Robots are programmable machines that can do certain tasks. Although limited, these products will make great substitutes for humans in certain cases with higher risks. These machines would easily come in handy in space explorations. And since it has zero-risk probabilities, these innovations will make room for more expeditions and research in 'extreme spaces'.
NASA, which has taken a huge interest in humanoid robots for years now, has awarded its advanced prototype automatons to two universities for research purposes and in preparation for humans and robots to team up in time.

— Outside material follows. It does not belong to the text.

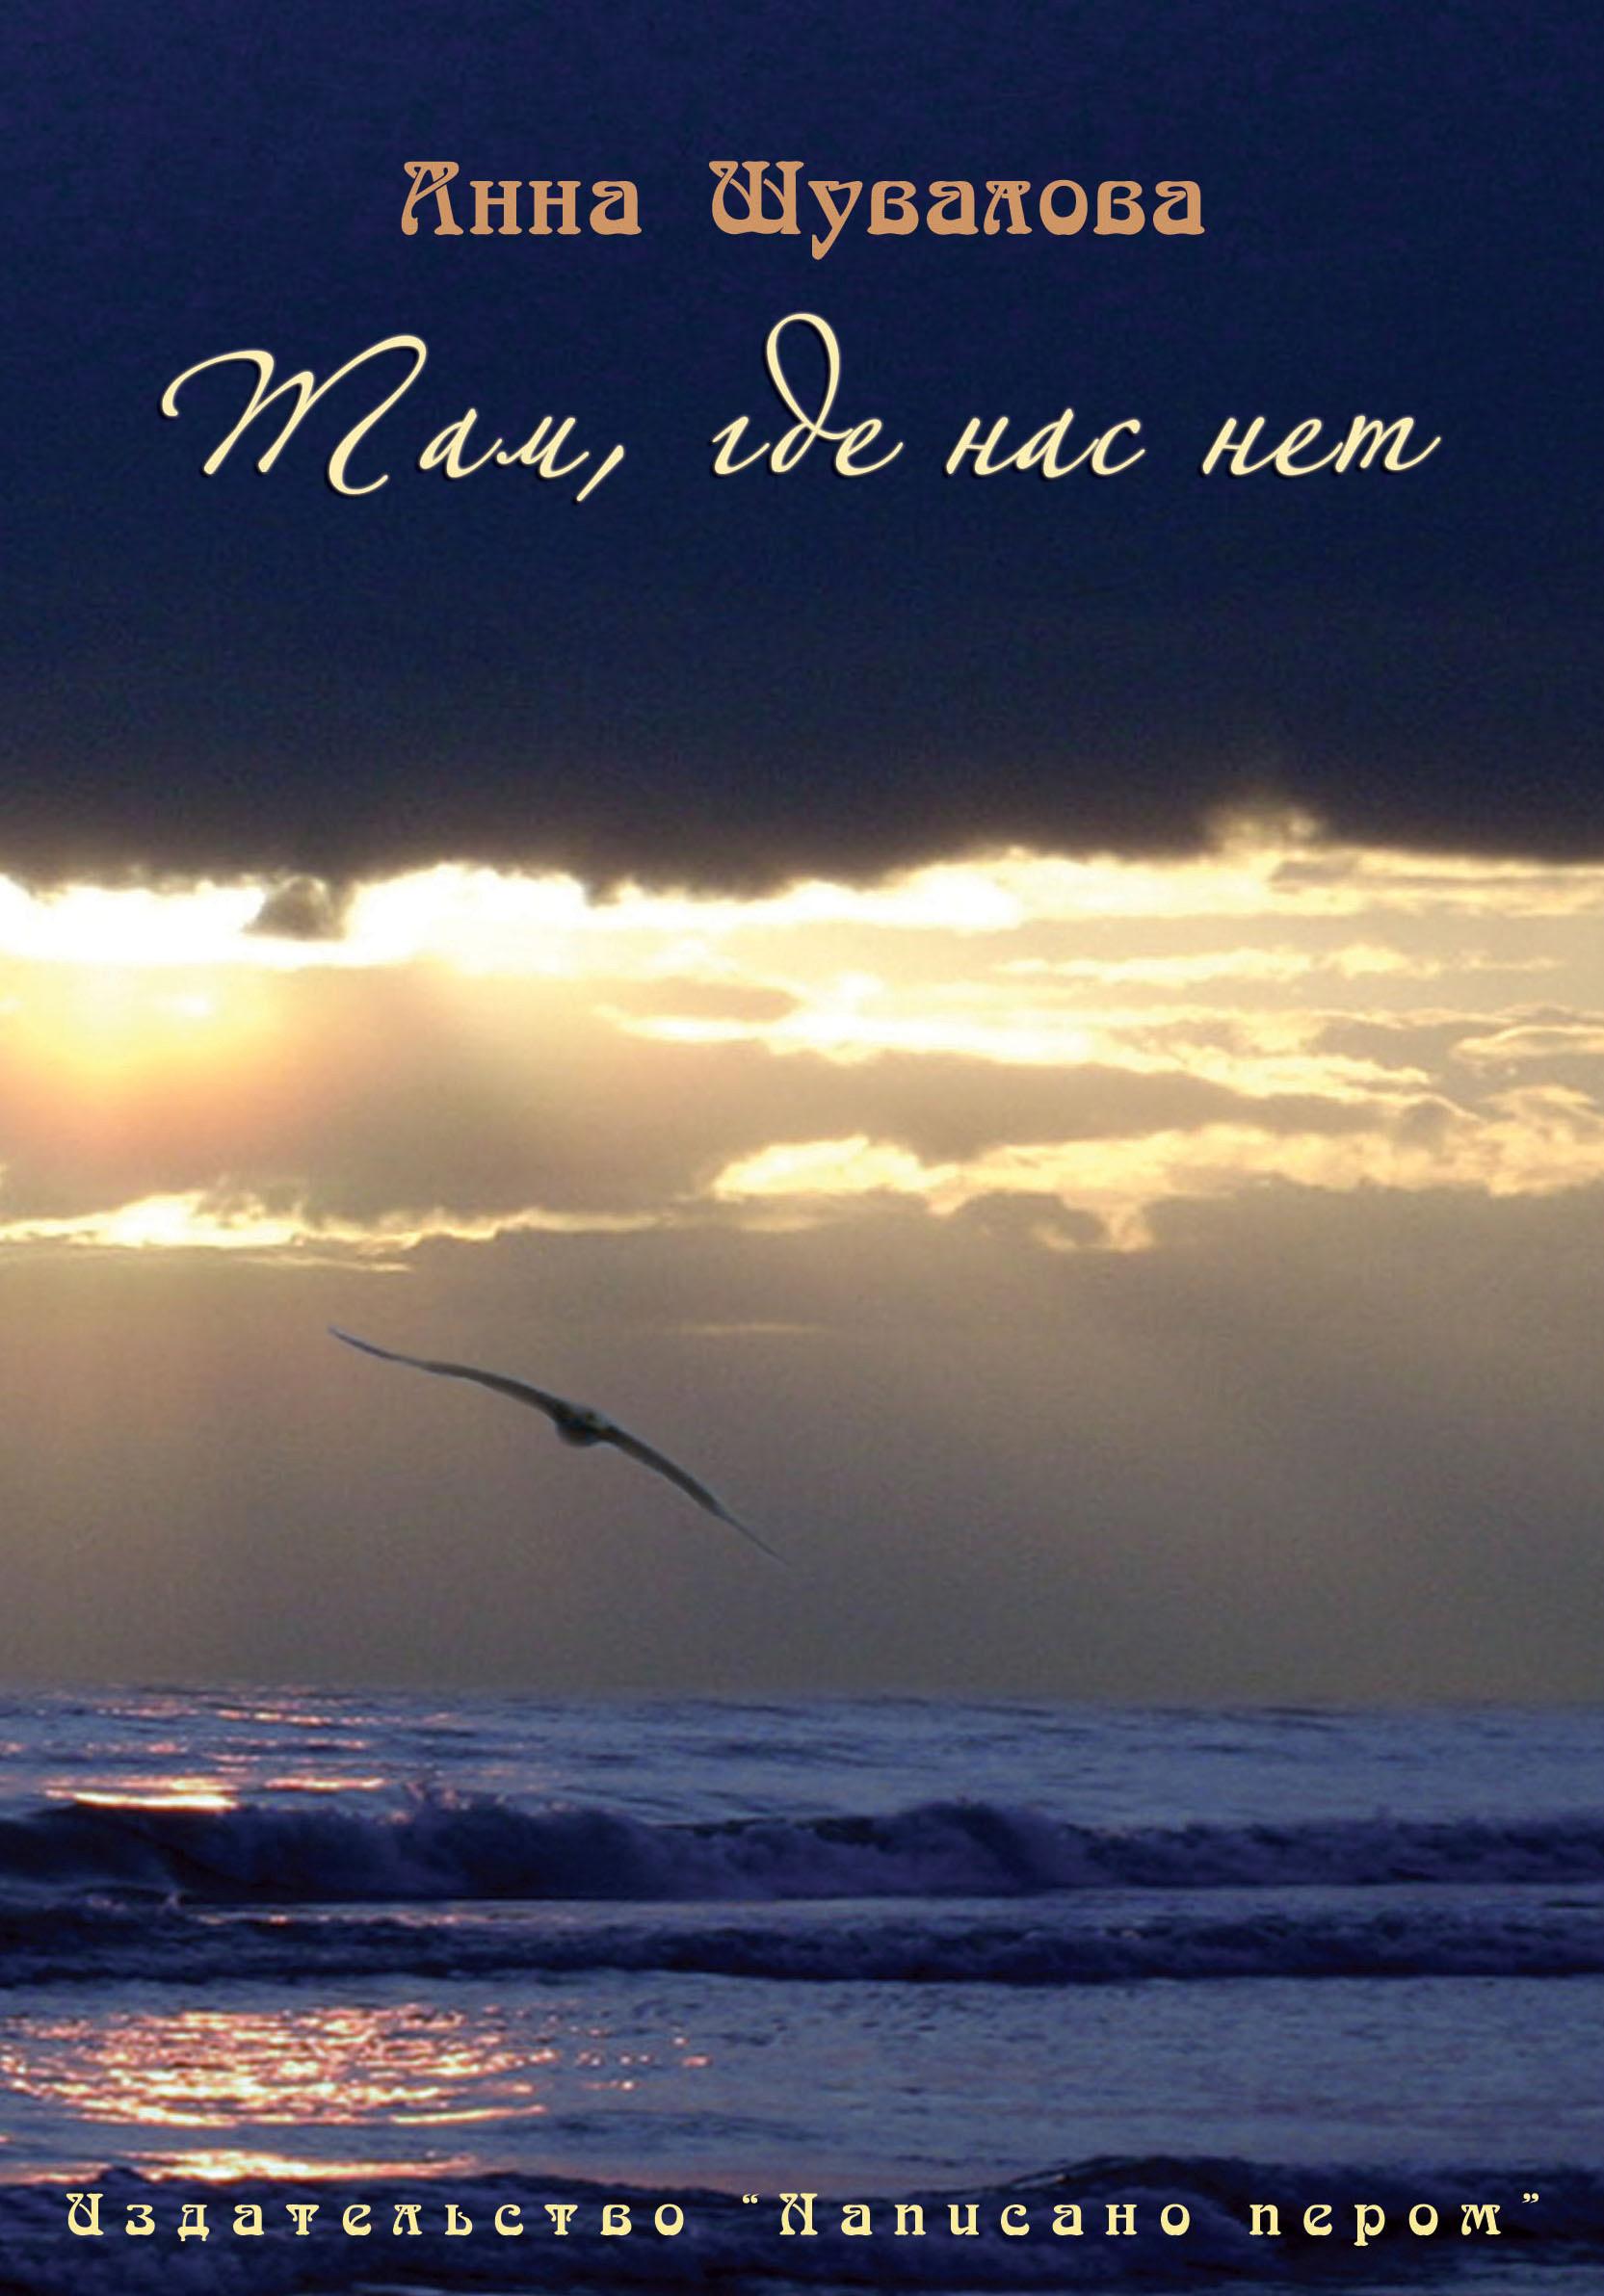 Анна Шувалова Там, где нас нет анна вальгрен наши дети спят всю ночь
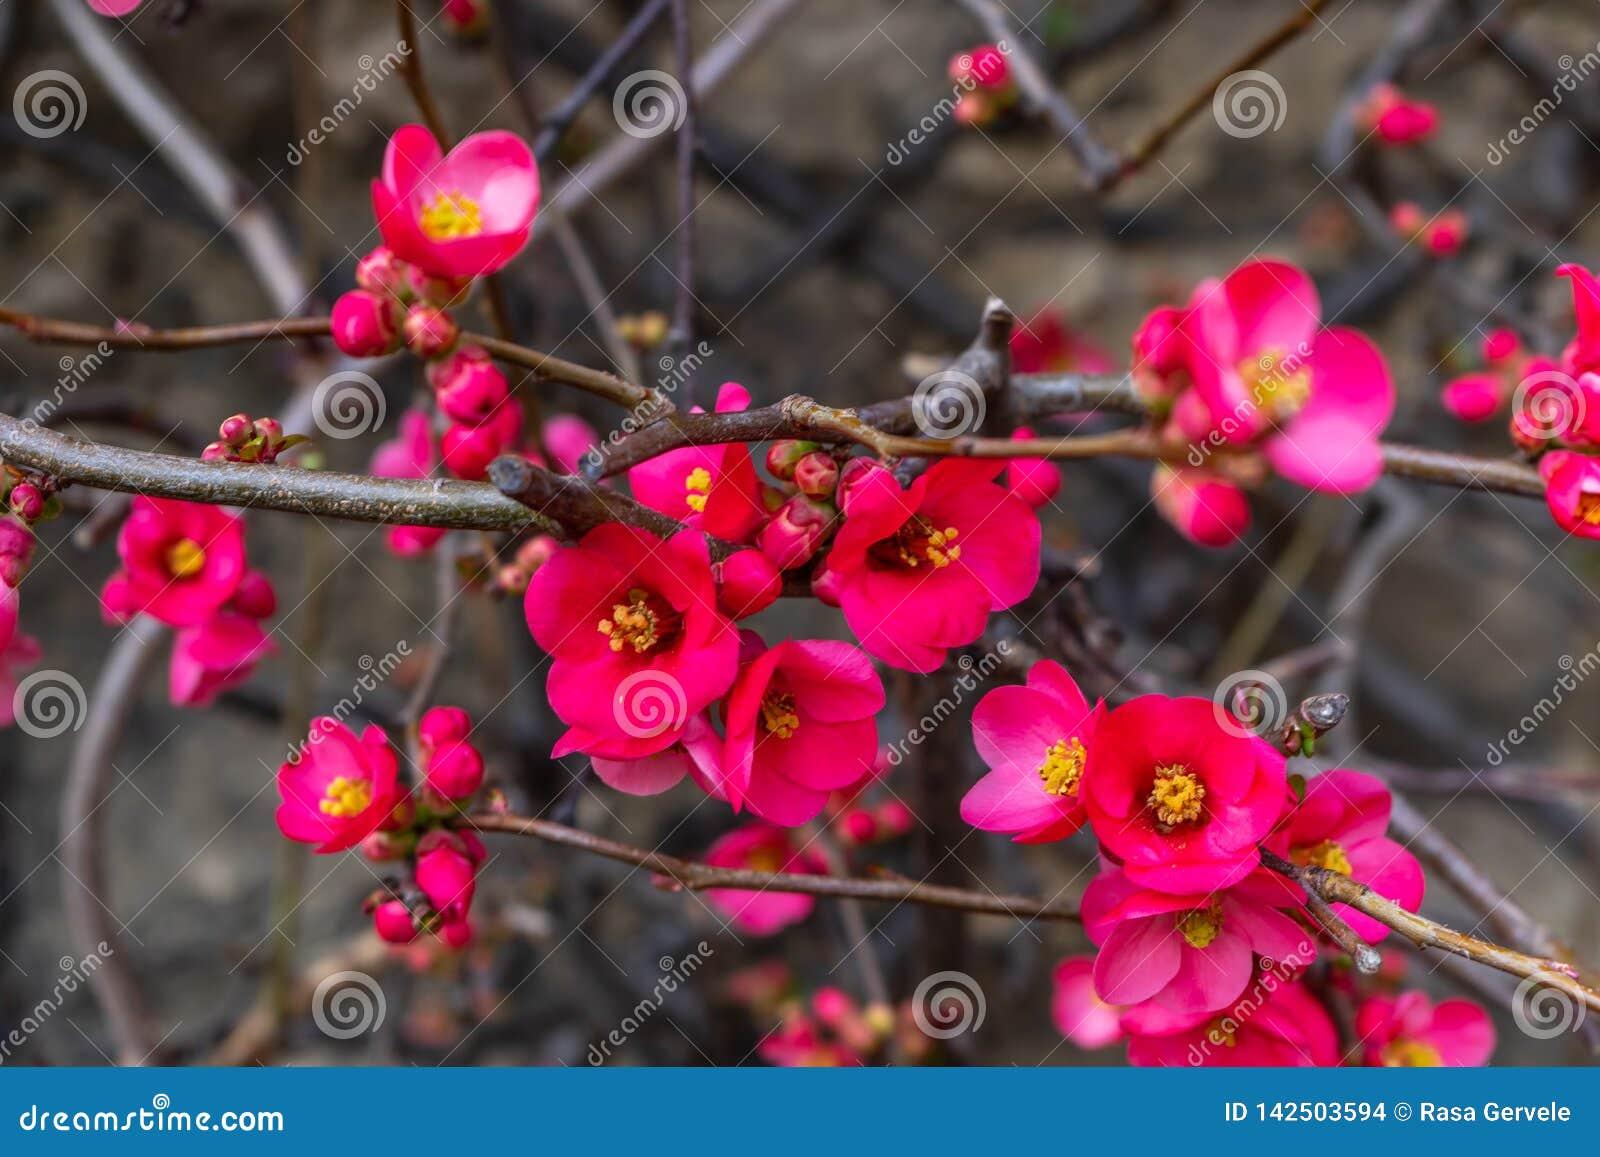 Зацветая одичалая слива Розовый лепесток Предыдущая весна в Англии

The robot known as R5 or Valkyrie, will make its way to two universities -- one prototype will make it to the Massachusetts Institute of Technology's Computer Science and Artificial Intelligence Laboratory, while the other one to the Northeastern University in Boston. According to reports, the two universities were particularly chosen among the groups that have joined DARPA'S Robotics Challenge. Both universities will receive US$250,000 each per year on a two-year course as a financial resource for their research intiatives.
Valkyrie is a humanoid robot that stands 6 feet tall and weighs heavily at 290 pounds. It first appeared in DARPA'S Robotics Challenge two years ago. Also, it was originally designed for search and rescue missions, as well as disaster relief operations -- proving its undeniable superhero design.
According to reports, the research from both universities will be covering virtual simulations of humanoid robots as well as live demonstrations of advanced tasks using Valkyrie. The MIT CSAIL team's study goes by "Robust Autonomy for Extreme Space Environments," while Northeastern University in Boston's titles it as "Accessible Testing on Humanoid-Robot-R5 and Evaluation of NASA Administered Space Robotics Challenge."
Furthermore, the researches have to make a better software so that the robots will have more autonomy and dexterity. Valkyrie includes a multitude of sensors such as LIDAN, sonar and cameras in different parts of its body.